**Dataset extract**
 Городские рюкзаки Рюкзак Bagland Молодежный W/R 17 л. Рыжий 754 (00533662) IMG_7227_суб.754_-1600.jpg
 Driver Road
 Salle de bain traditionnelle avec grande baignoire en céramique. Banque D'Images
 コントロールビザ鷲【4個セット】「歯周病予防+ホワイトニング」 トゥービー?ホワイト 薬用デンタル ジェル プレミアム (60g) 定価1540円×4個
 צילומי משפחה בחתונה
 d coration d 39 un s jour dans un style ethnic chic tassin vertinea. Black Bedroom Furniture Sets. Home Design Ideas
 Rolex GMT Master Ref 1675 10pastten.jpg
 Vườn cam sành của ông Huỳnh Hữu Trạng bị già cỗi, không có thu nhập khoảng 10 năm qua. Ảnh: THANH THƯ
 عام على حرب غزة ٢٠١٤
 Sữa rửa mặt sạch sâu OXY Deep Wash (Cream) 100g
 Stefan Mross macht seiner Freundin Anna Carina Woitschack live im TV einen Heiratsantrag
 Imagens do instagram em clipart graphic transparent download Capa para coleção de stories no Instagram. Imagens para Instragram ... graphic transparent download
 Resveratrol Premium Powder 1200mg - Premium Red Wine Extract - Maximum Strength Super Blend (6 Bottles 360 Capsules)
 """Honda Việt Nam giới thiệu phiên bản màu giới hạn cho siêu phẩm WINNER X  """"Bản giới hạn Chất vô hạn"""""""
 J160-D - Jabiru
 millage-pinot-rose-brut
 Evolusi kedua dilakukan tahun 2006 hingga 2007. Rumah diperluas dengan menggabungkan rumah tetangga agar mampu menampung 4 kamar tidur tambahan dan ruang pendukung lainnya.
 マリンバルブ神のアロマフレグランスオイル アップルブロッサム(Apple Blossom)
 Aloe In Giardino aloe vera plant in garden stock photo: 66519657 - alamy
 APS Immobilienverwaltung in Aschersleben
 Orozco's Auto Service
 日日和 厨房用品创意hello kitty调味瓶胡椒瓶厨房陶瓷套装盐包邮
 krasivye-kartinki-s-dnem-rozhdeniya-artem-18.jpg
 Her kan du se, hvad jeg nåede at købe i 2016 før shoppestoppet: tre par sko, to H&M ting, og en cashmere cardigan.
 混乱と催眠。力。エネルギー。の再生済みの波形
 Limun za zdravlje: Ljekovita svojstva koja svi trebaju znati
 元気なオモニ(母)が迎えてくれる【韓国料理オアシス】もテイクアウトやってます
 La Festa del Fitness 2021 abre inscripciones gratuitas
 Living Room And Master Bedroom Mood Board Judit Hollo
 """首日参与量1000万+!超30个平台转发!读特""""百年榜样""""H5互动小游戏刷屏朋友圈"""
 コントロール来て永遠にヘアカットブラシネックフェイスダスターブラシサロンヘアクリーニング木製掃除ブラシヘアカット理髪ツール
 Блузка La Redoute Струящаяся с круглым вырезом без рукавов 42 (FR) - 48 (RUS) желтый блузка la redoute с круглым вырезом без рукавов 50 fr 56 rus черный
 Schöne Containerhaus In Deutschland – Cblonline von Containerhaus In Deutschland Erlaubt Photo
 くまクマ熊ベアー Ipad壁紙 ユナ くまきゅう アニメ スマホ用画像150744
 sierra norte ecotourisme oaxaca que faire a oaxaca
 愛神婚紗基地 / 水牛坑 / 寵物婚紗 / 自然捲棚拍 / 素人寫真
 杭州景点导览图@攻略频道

**Goal of the exercise**
Among the lines above, return those that contain the string "Bedroom".

**Task response**
 d coration d 39 un s jour dans un style ethnic chic tassin vertinea. Black Bedroom Furniture Sets. Home Design Ideas
 Living Room And Master Bedroom Mood Board Judit Hollo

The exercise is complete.